### What to work on
Leave out the pictures and repeat exactly the lines from the one containing "dielenschrank fichte massiv" through the final line of the listing below.

### Dataset content ###

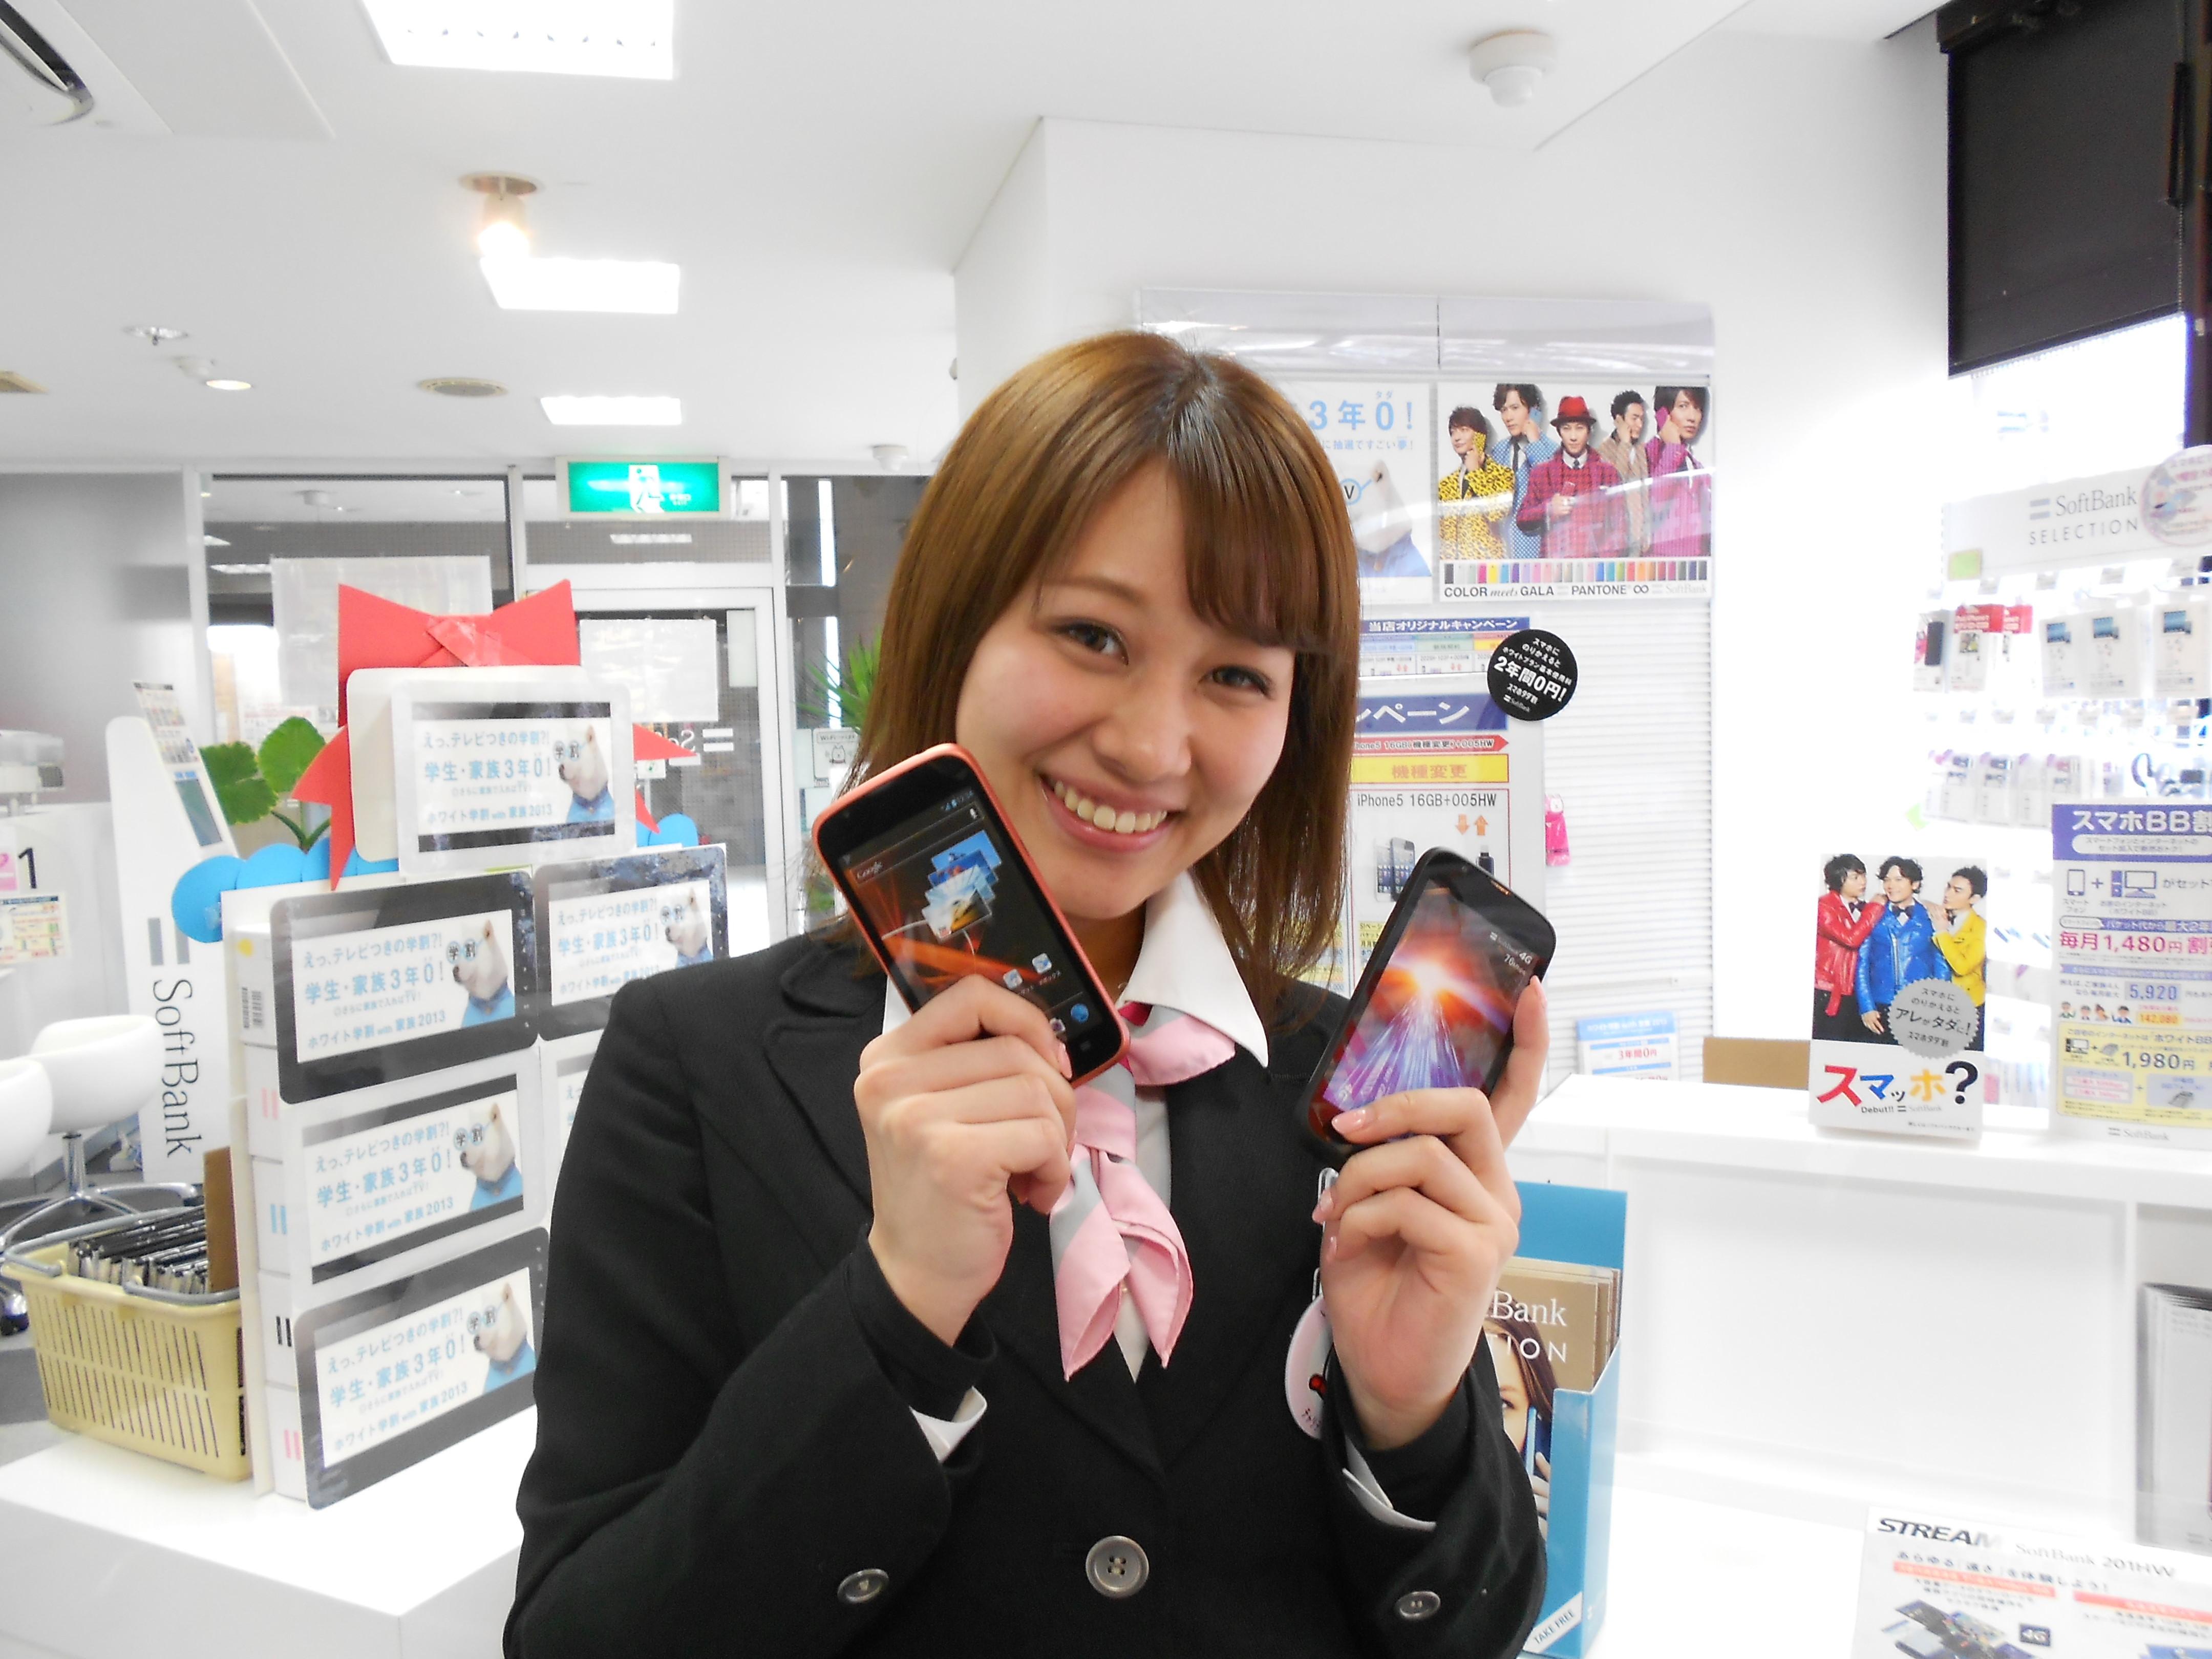 ソフトバンク 新前橋フォレストモール(株式会社シエロ)のアルバイト情報
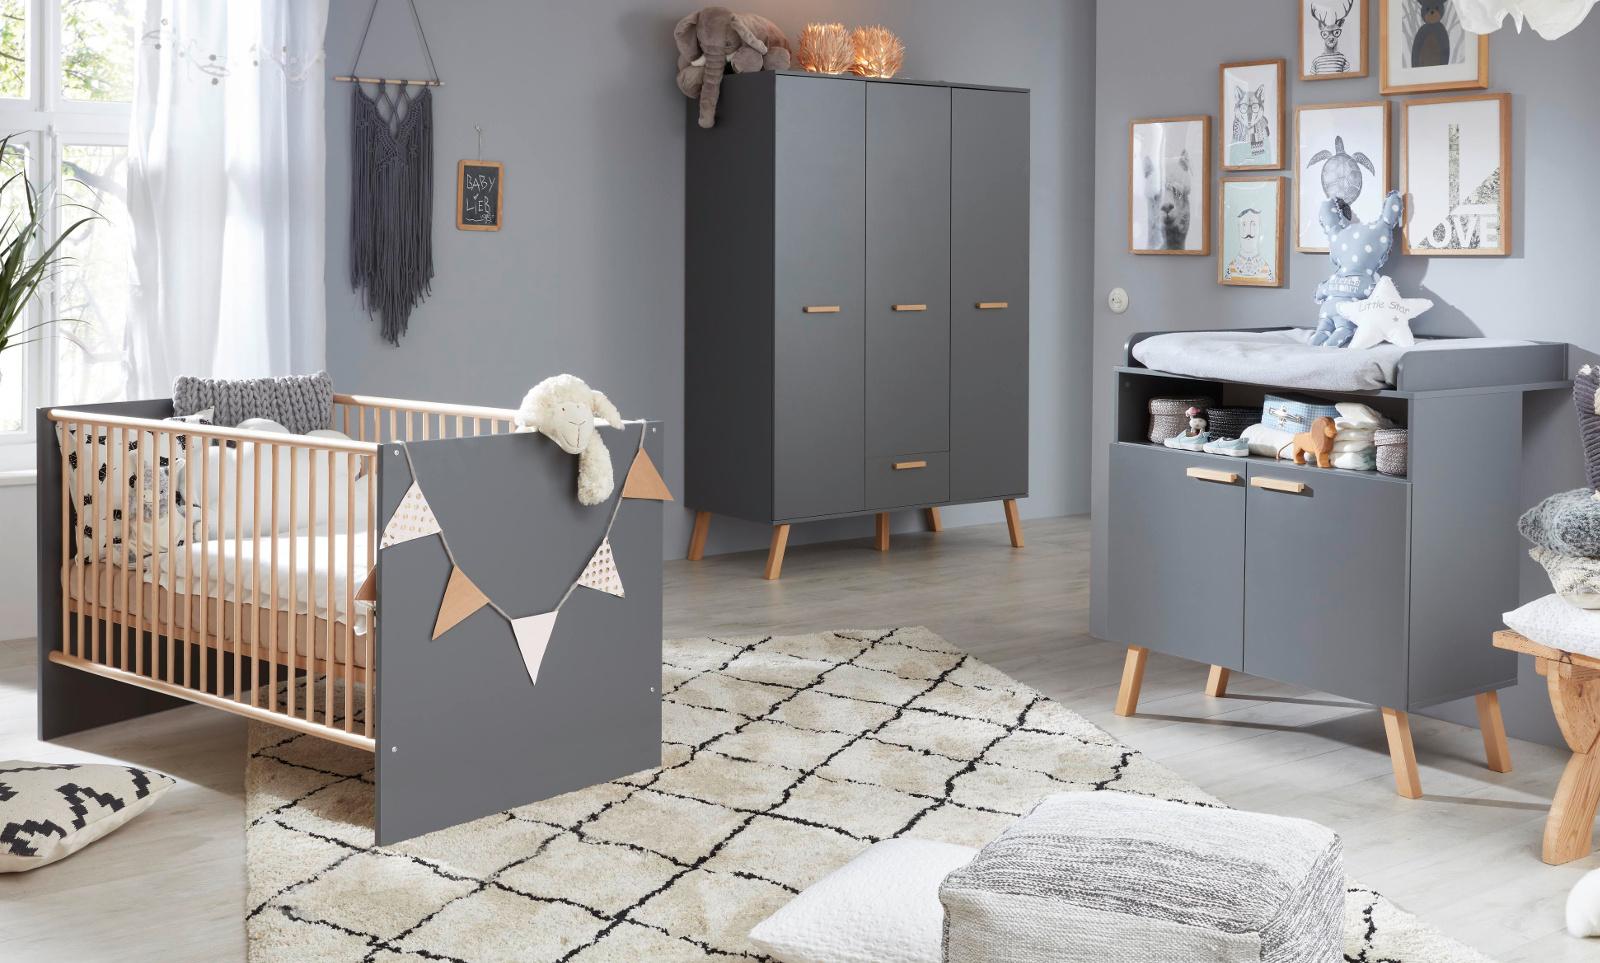 dielenschrank fichte massiv landhausstil g nstige m bel. Black Bedroom Furniture Sets. Home Design Ideas
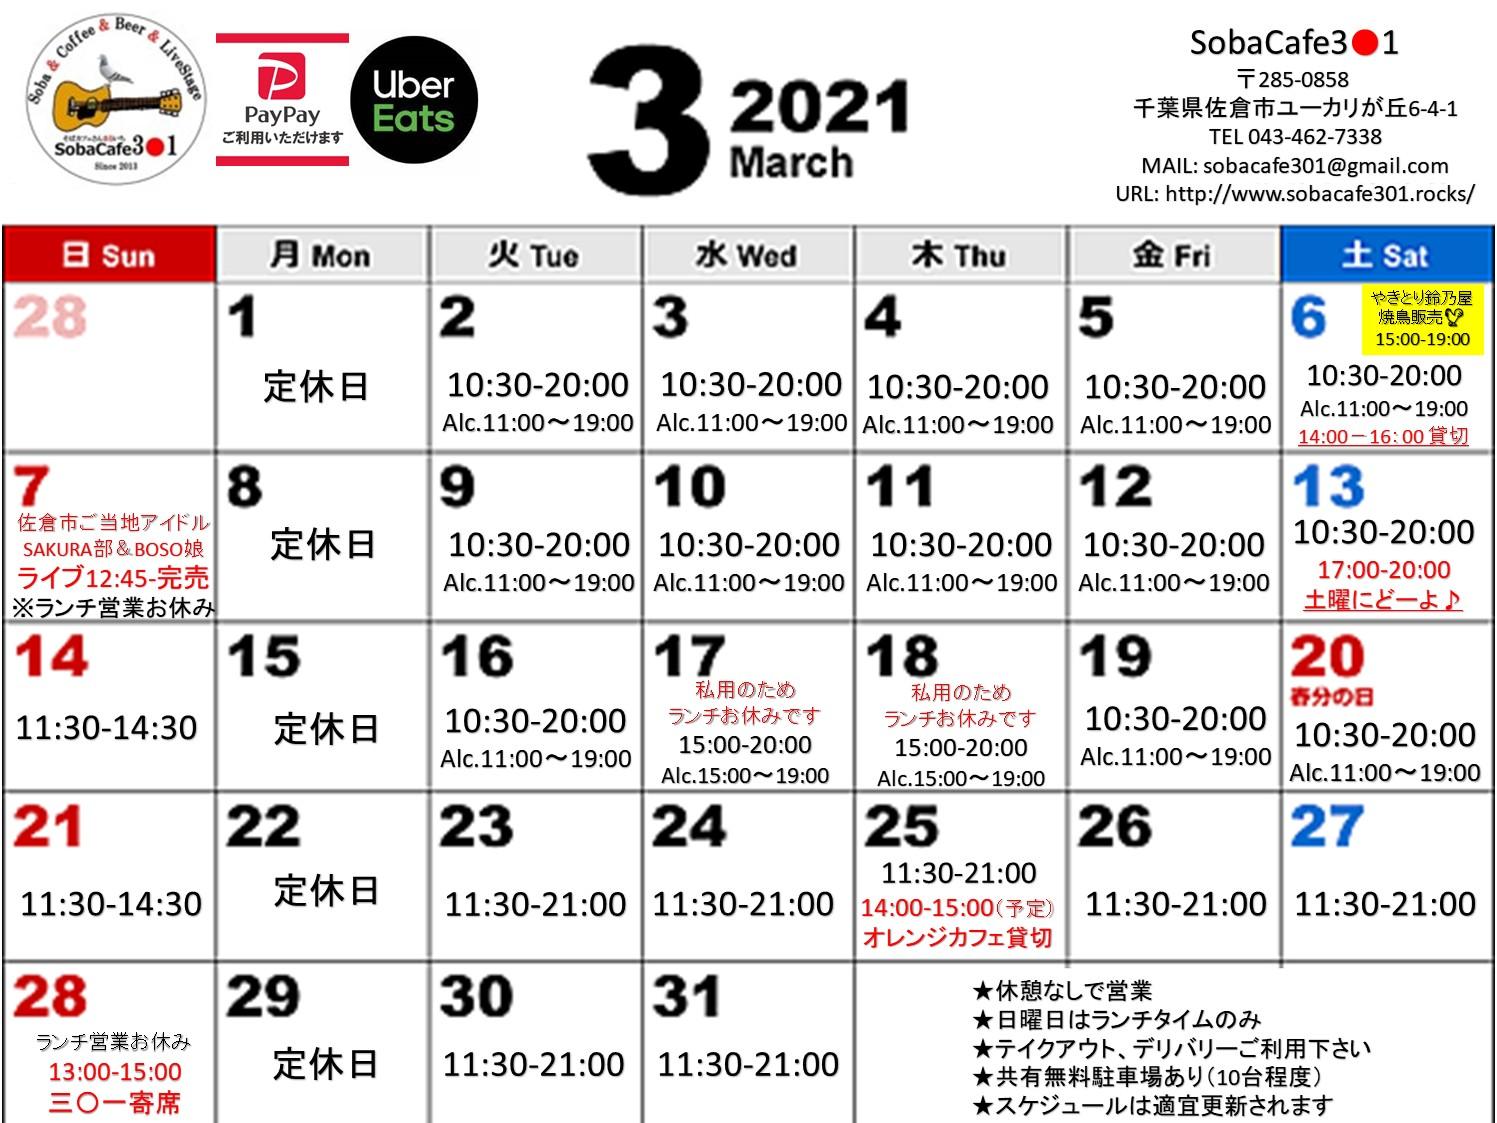 SobaCafe3○1 3月のカレンダー

###

### Exercise output
 dielenschrank fichte massiv landhausstil g nstige m bel. Black Bedroom Furniture Sets. Home Design Ideas
 SobaCafe3○1 3月のカレンダー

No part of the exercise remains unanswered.